Given that BPF needs to get its hooks into _every_ network driver,
I'm not sure that this is practical.  The public BPF interfaces
would need to change to indirect function calls, which the module
load/unload functions would need to switch between the real BPF
functions (in the module) and stubs in the kernel.  Recent experiments
(in the discussions on atomic operations and locks) show that
indirect function calls are relatively expensive - which would add
significantly to the BPF overhead (and BPF is already in a time-
critical path).

>  (which security conscious admins will be able to simply
>  remove from /modules)

I _really_ think that this is a furphy.  Not having BPF doesn't buy
you any additional security - it's just too easy to sniff the
network from a Windoze PC.  Typically /dev/bpf*  only allows root
access - and if someone undesirable has root access, you have more
pressing problems.

> or come up with a lighter weight mechanism
>  just for dhcp and other apps that need to see broadcast packets but
>  not otherwise sniff the wire in full bpf glory.

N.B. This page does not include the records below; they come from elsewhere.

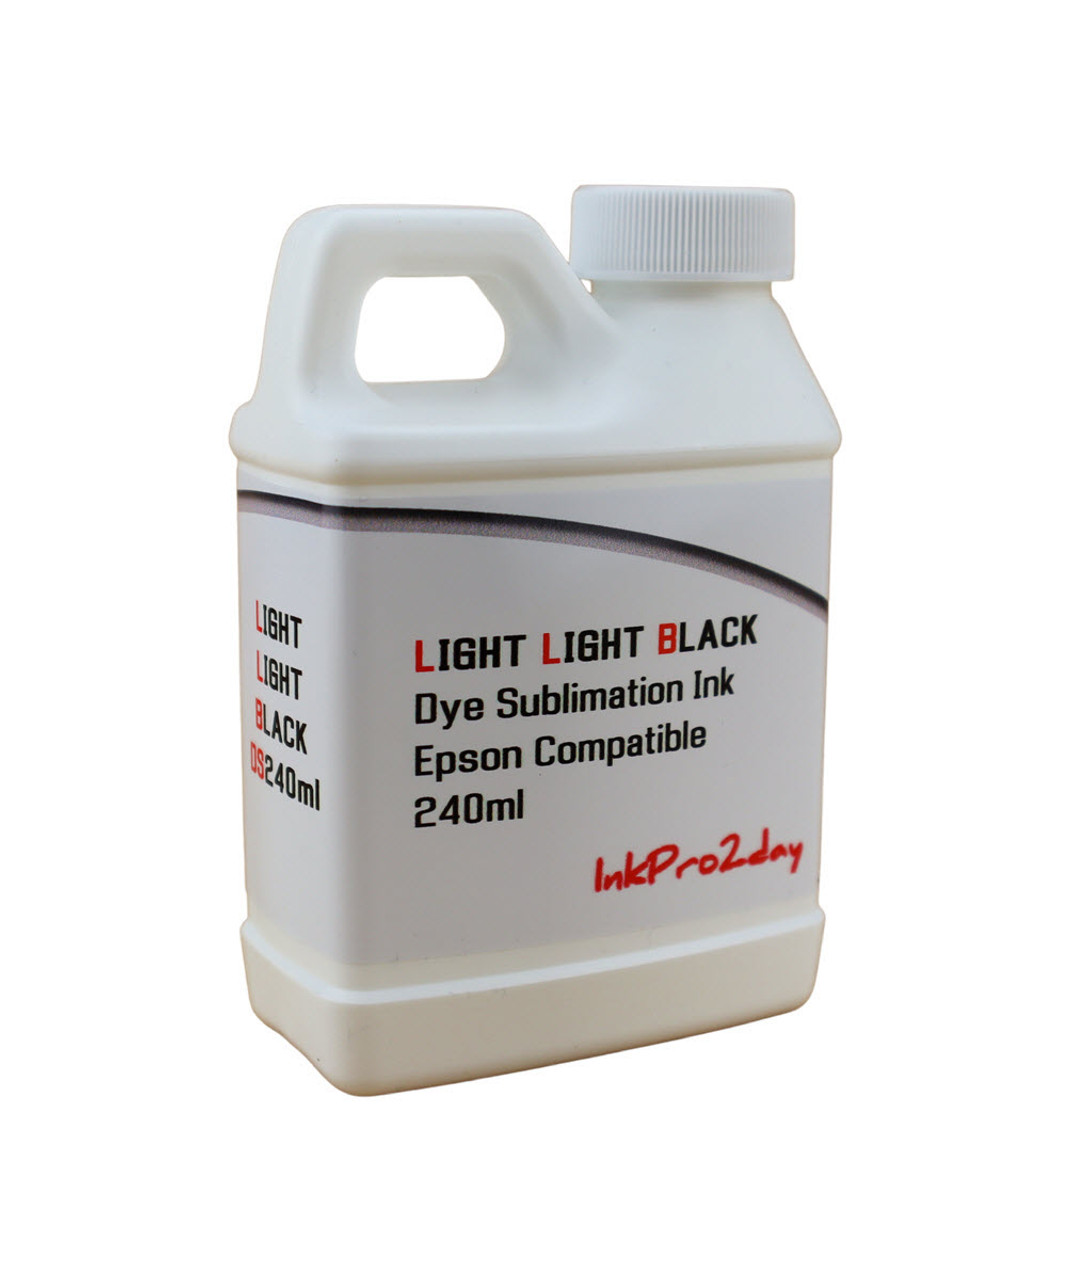 Light Light Black 240ml Bottle Dye Sublimation Ink for Epson Stylus Pro 4800 printers
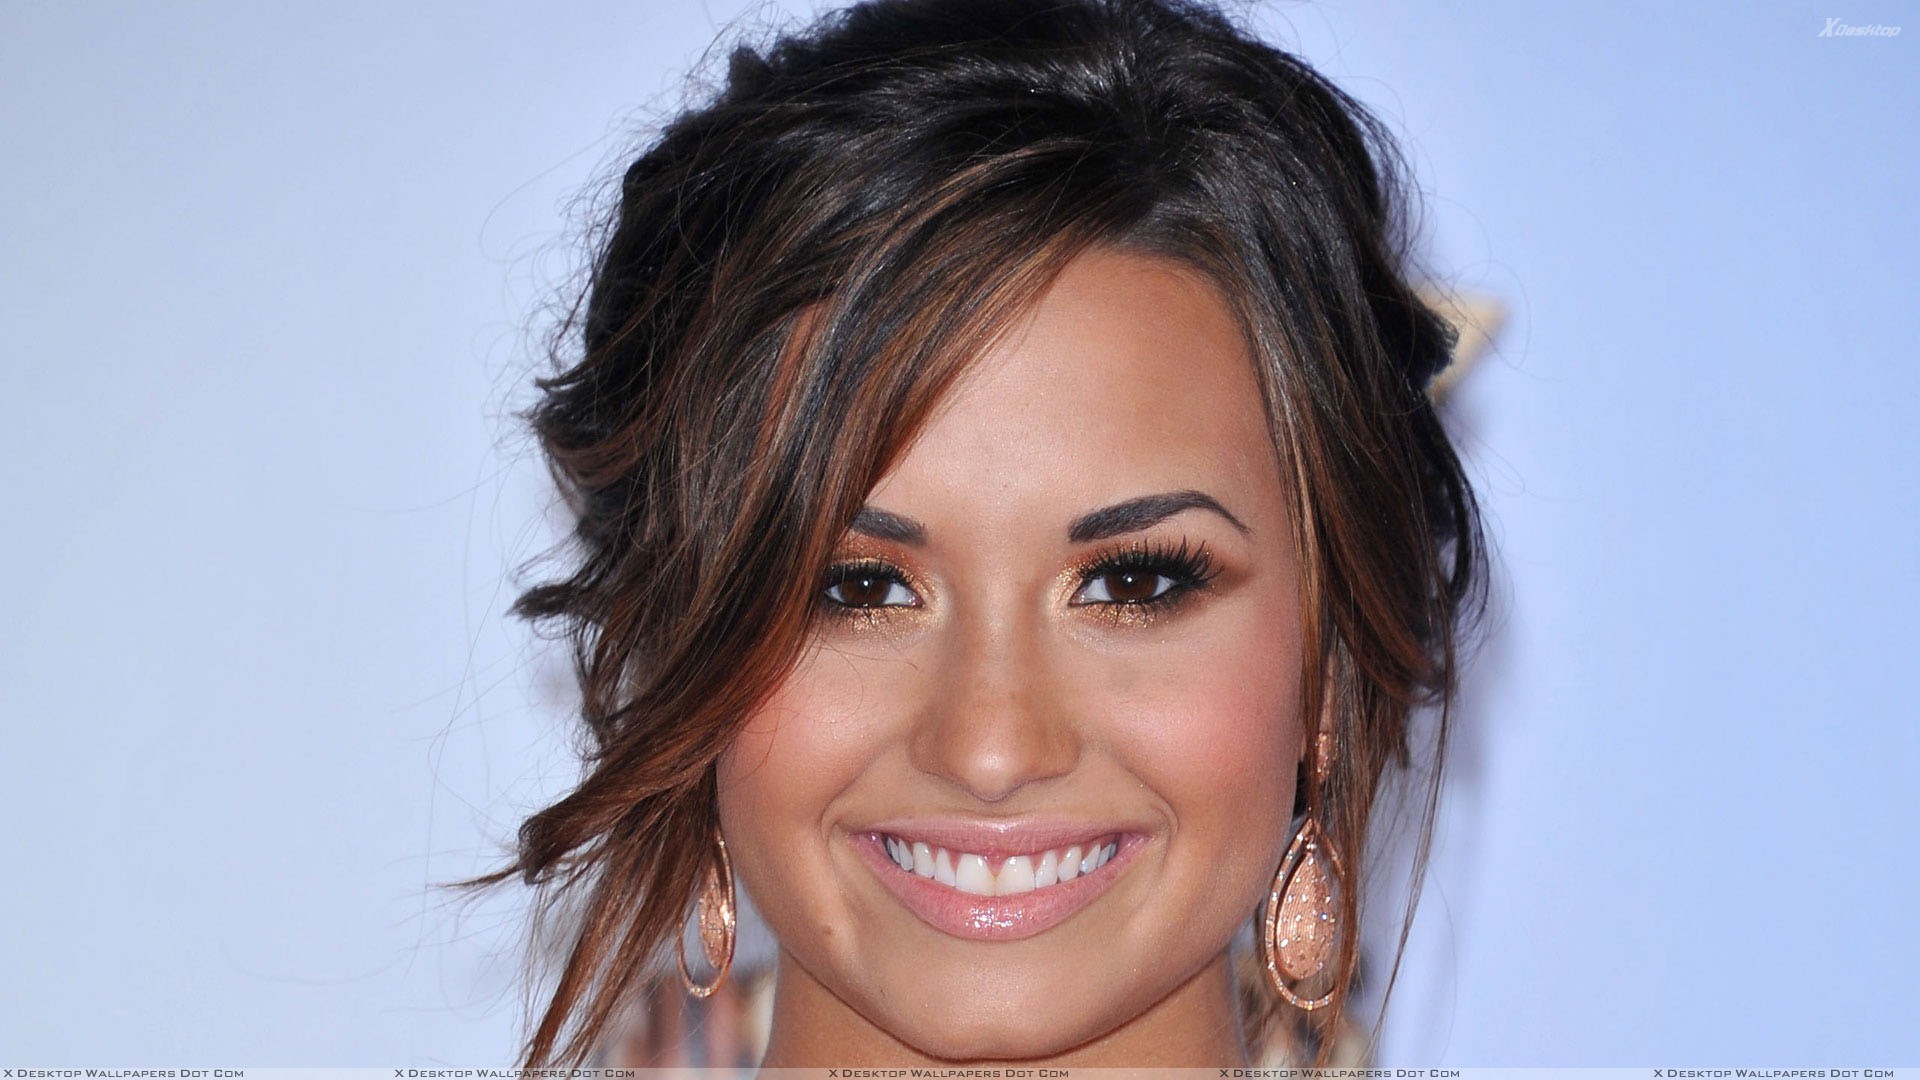 1920x1080 Cute Smiling Face Closeup Of Demi Lovato Wallpaper Smile
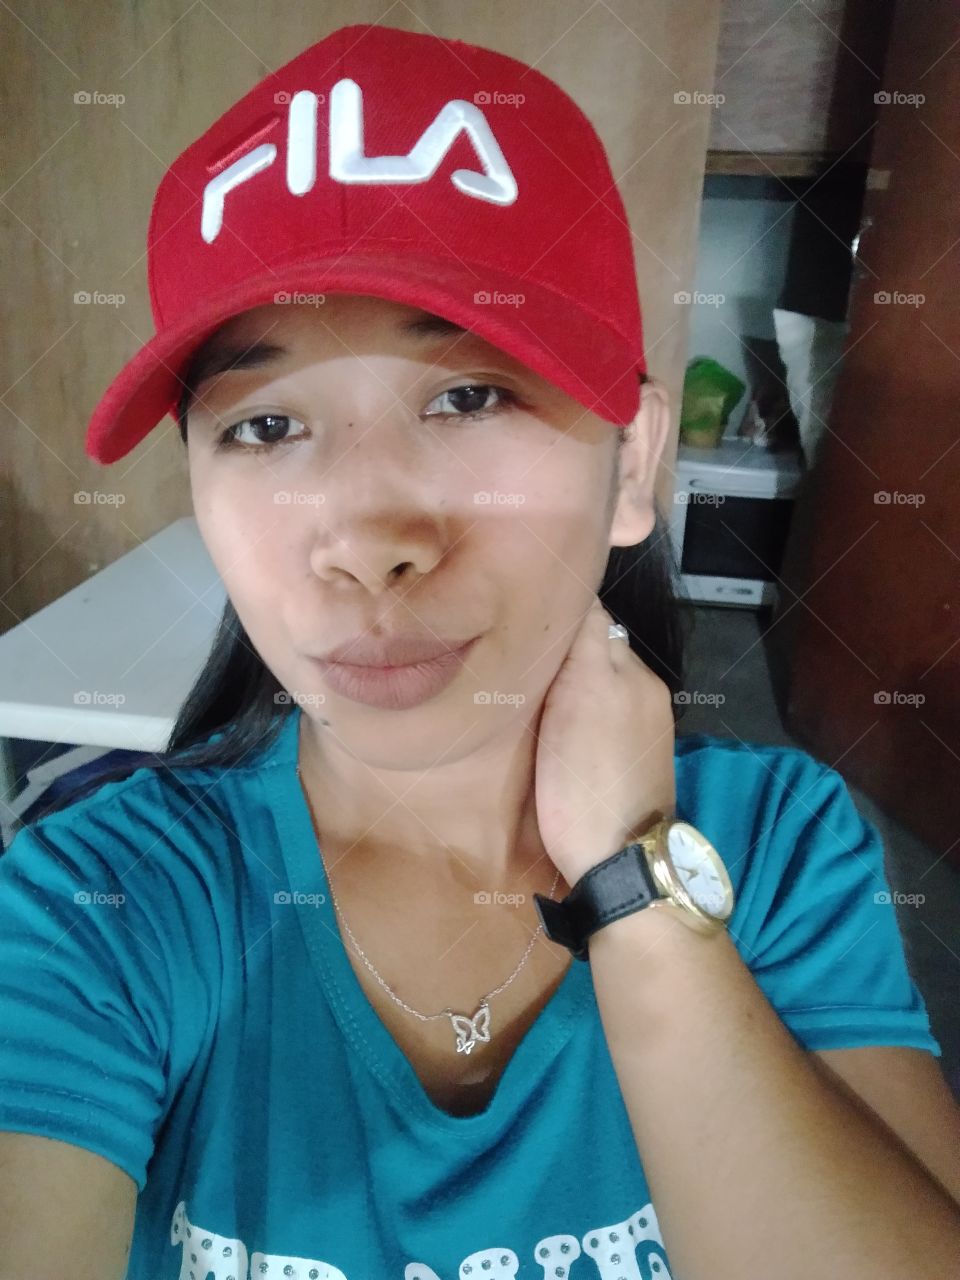 cool red cap

Iff you believe that the mere presence of BPF is a security hole, then
this would seem to be a cleaner solution than trying to make BPF an
LKM.  The easiest way to achieve this would seem to be to create a
`crippled' BPF - which included a hard-wired filter that only returned
broadcast packets and disabled BIOCSETF and maybe BIOCPROMISC.  The
crippled BPF would be part of GENERIC, and anyone who wanted the full
functionality could re-compile without the `CRIPPLED_BPF' flag.